● Information provided:
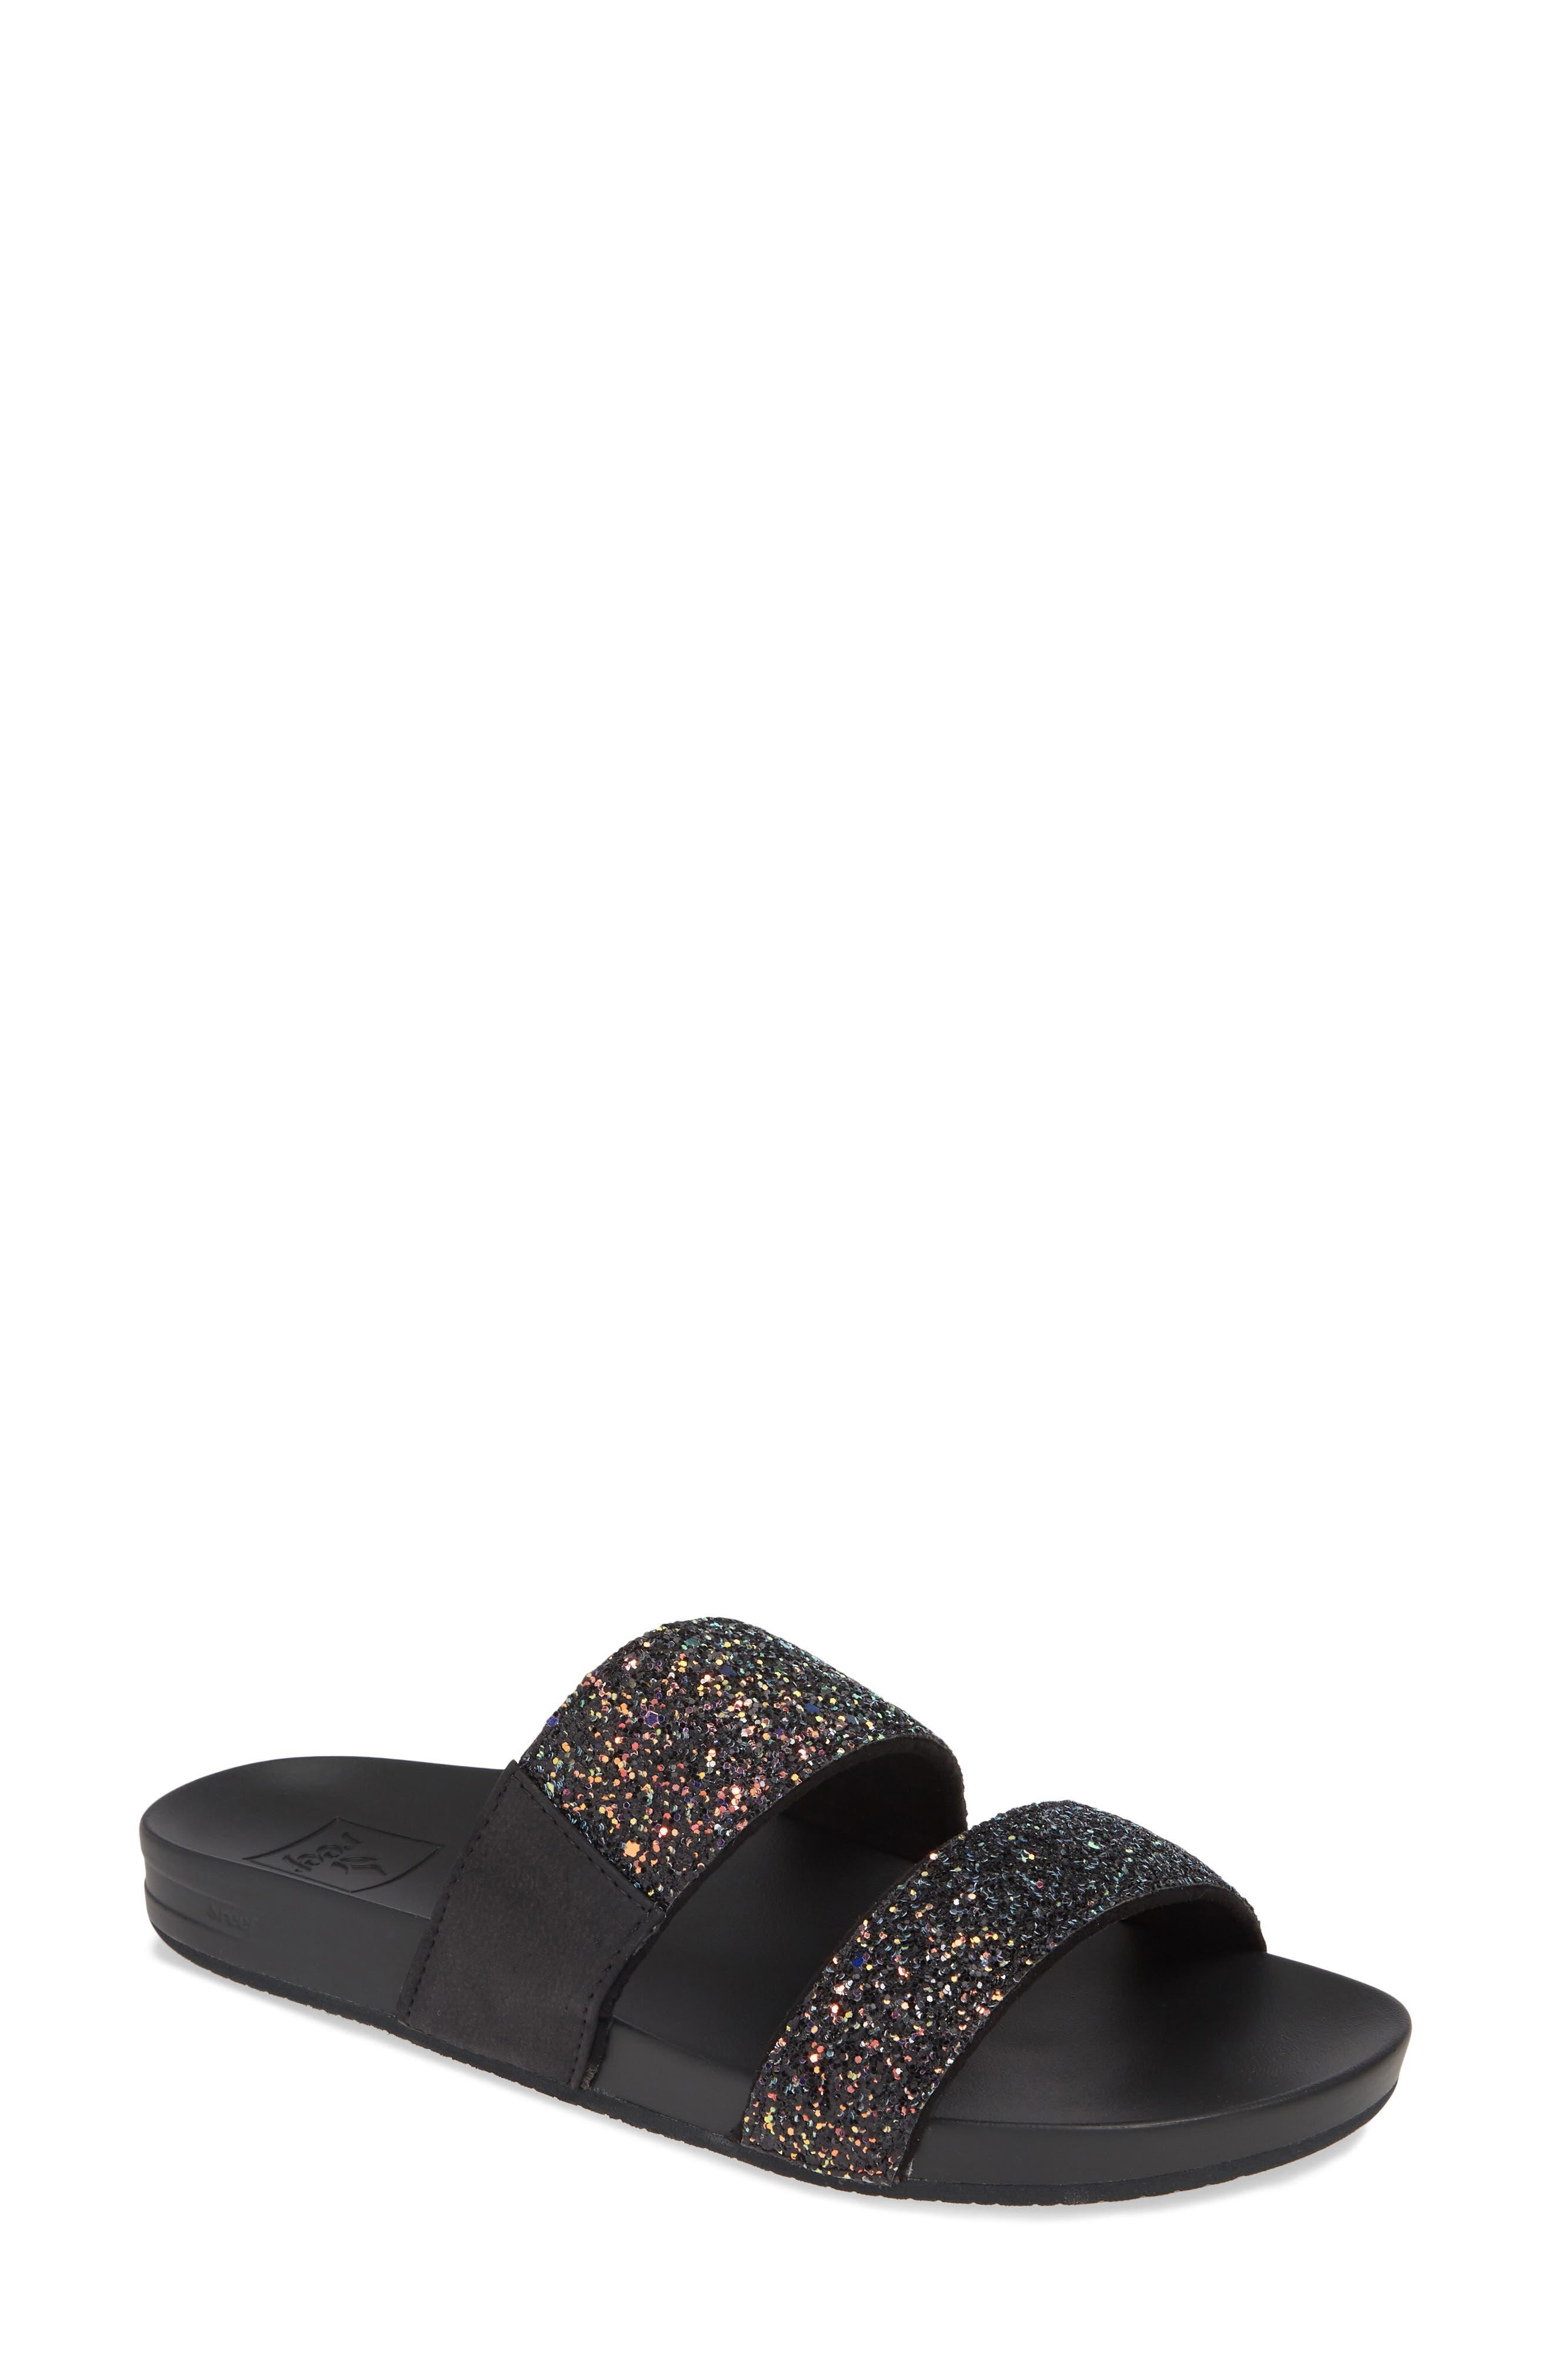 ,                             Cushion Bounce Vista Slide Sandal,                             Main thumbnail 1, color,                             POP ROCKS
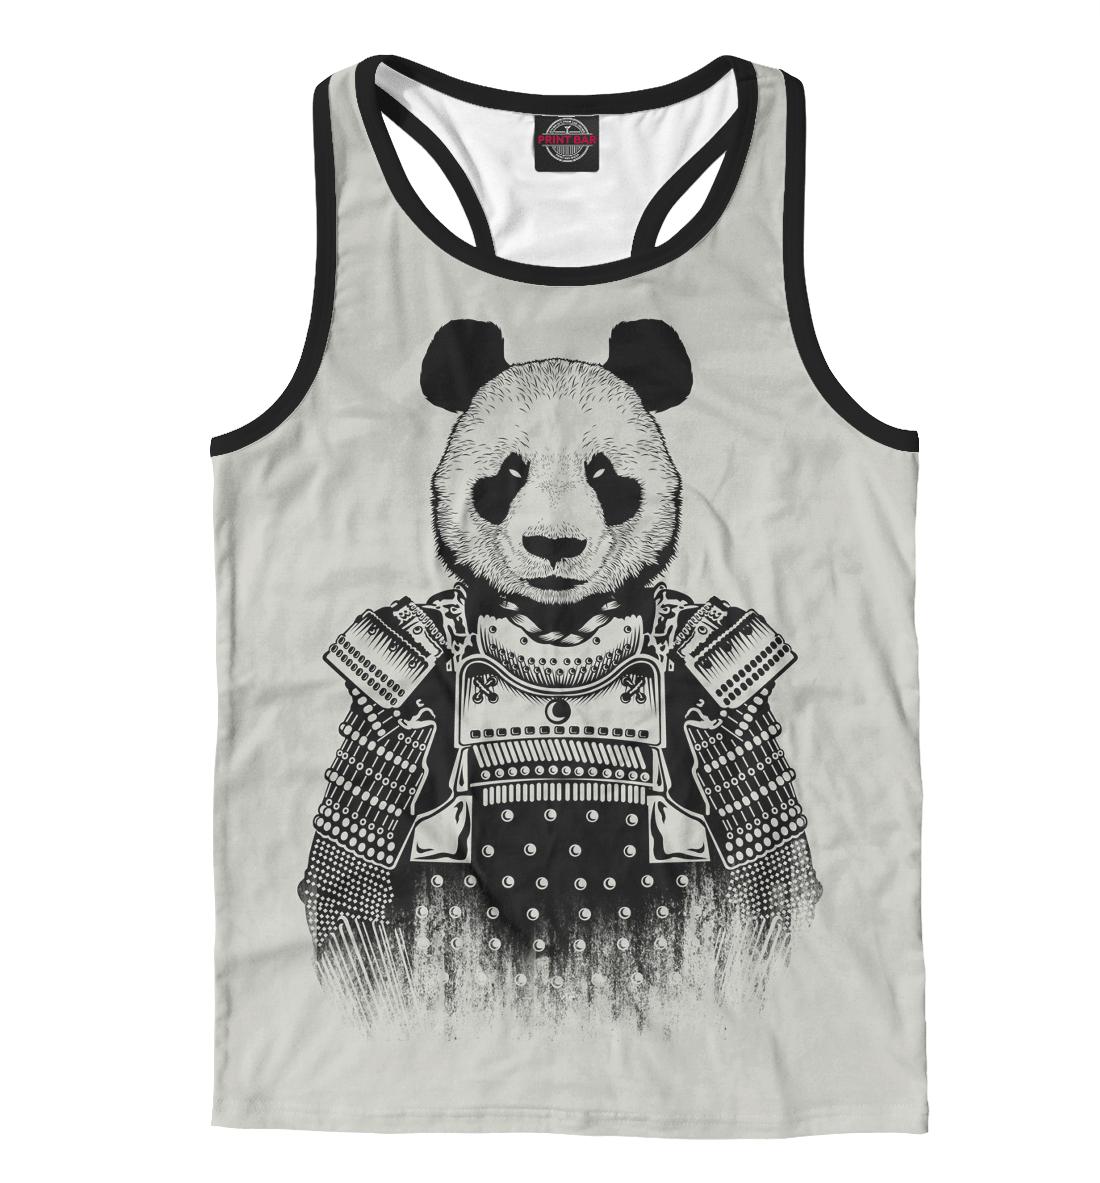 Купить Panda Samurai, Printbar, Майки борцовки, PAN-698163-mayb-2
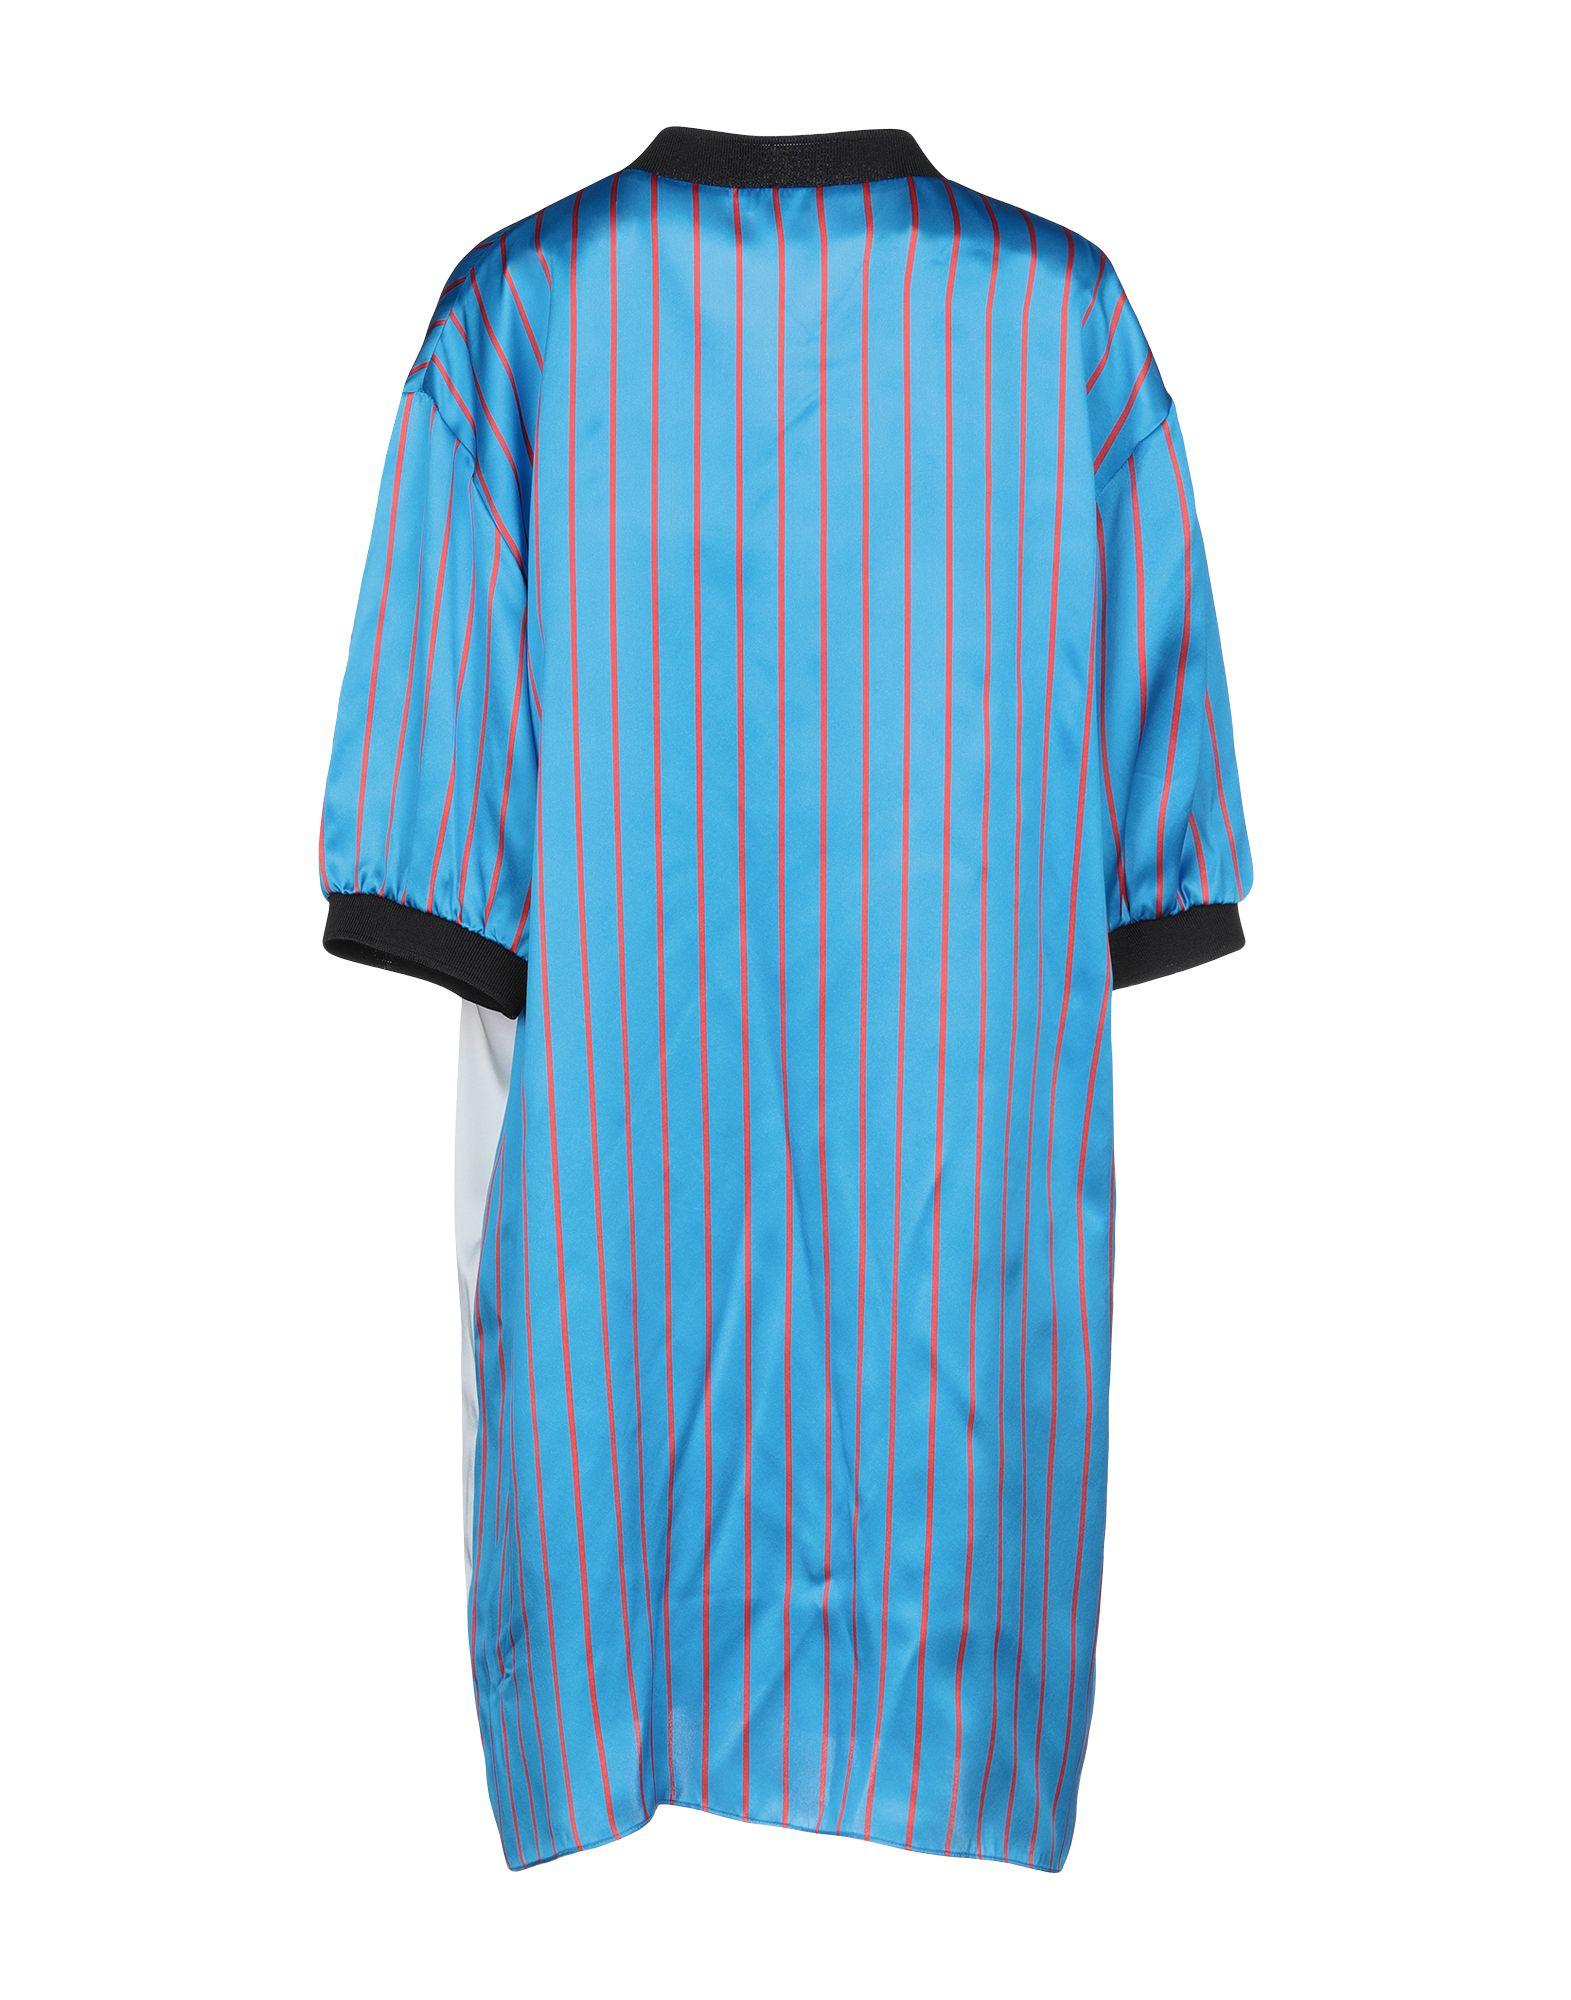 09450bc5 ... KENZO - Blue Short Dress - Lyst. Visit YOOX. Tap to visit site

● What you need to do:
Exact transcription of the full listing above is required; images do not belong in it.

● Solution to this problem:
 ,                             Cushion Bounce Vista Slide Sandal,                             Main thumbnail 1, color,                             POP ROCKS
 Купить Panda Samurai, Printbar, Майки борцовки, PAN-698163-mayb-2
 09450bc5 ... KENZO - Blue Short Dress - Lyst. Visit YOOX. Tap to visit site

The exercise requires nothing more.